(EXERCISE MATERIALS)
****************************************
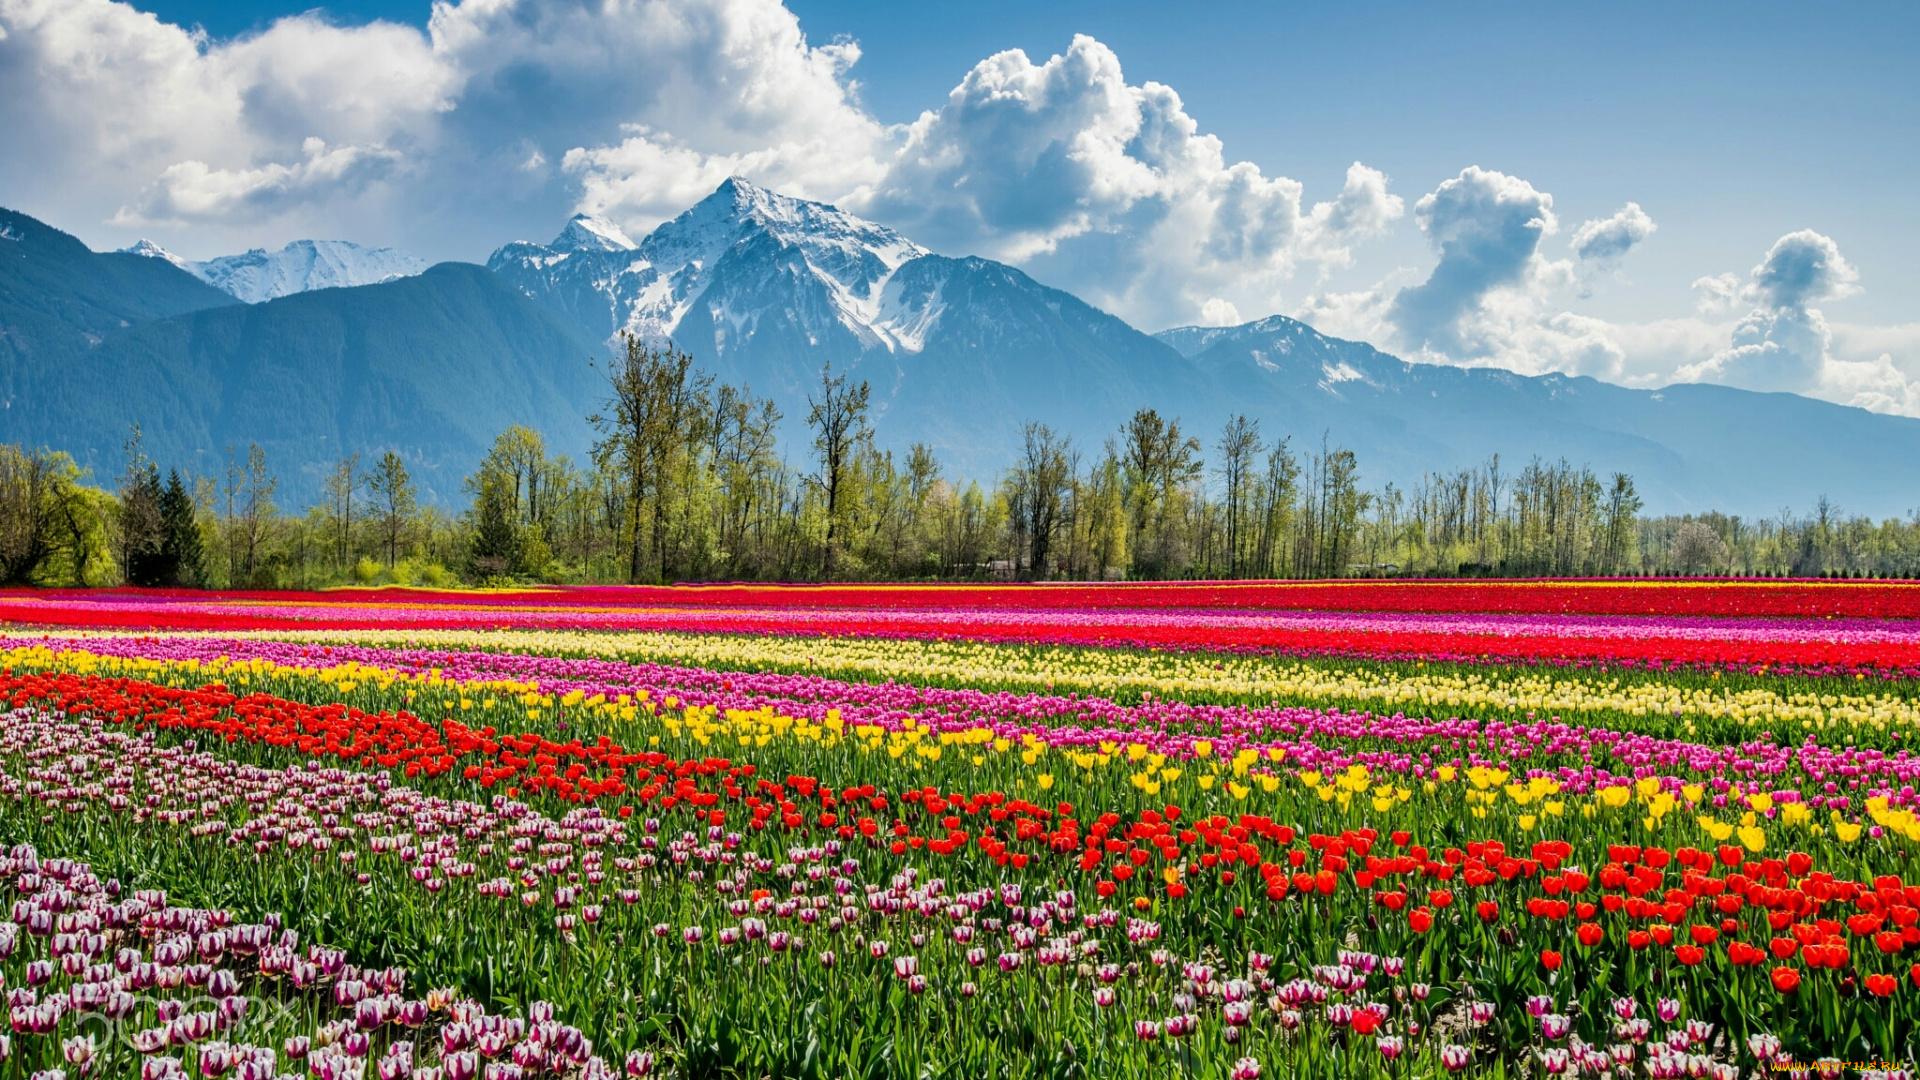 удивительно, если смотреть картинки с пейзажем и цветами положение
****************************************
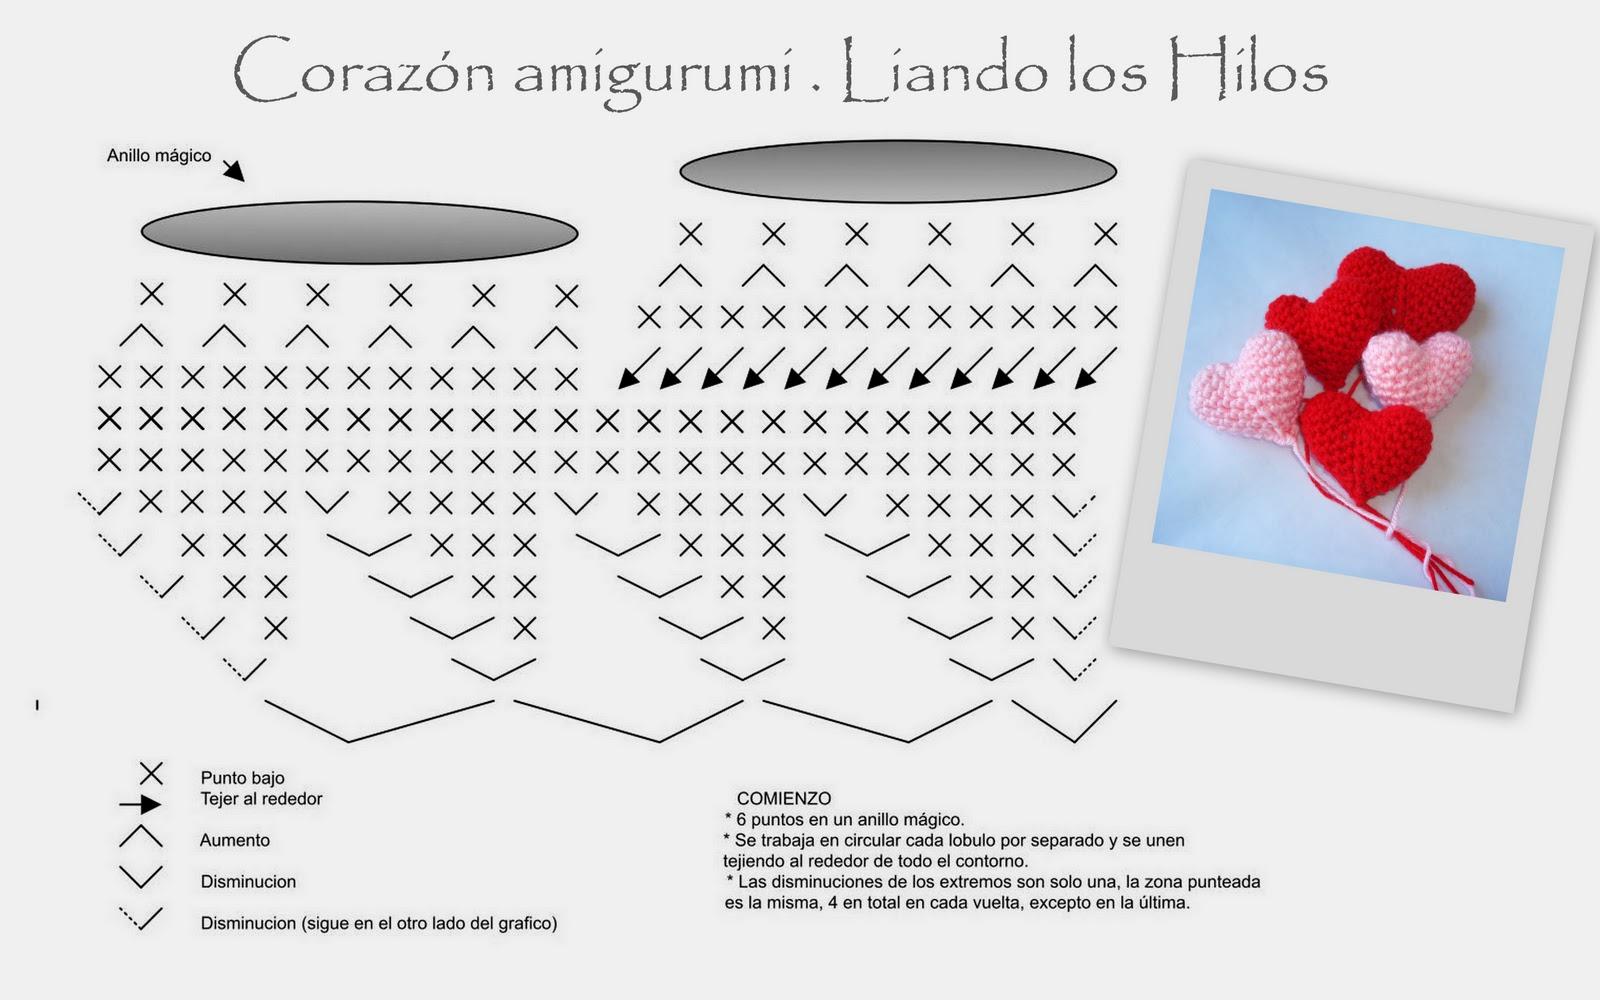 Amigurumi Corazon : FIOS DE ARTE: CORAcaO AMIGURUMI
****************************************
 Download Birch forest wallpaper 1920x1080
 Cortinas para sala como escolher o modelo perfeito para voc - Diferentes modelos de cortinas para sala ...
****************************************
(YOUR GOAL)
Look above for the line holding "Download Birch forest wallpaper 1920x1080" and the line holding "Cortinas para sala como", then output exactly those two lines and every line between them, nothing more.

(TASK SOLUTION)
 Download Birch forest wallpaper 1920x1080
 Cortinas para sala como escolher o modelo perfeito para voc - Diferentes modelos de cortinas para sala ...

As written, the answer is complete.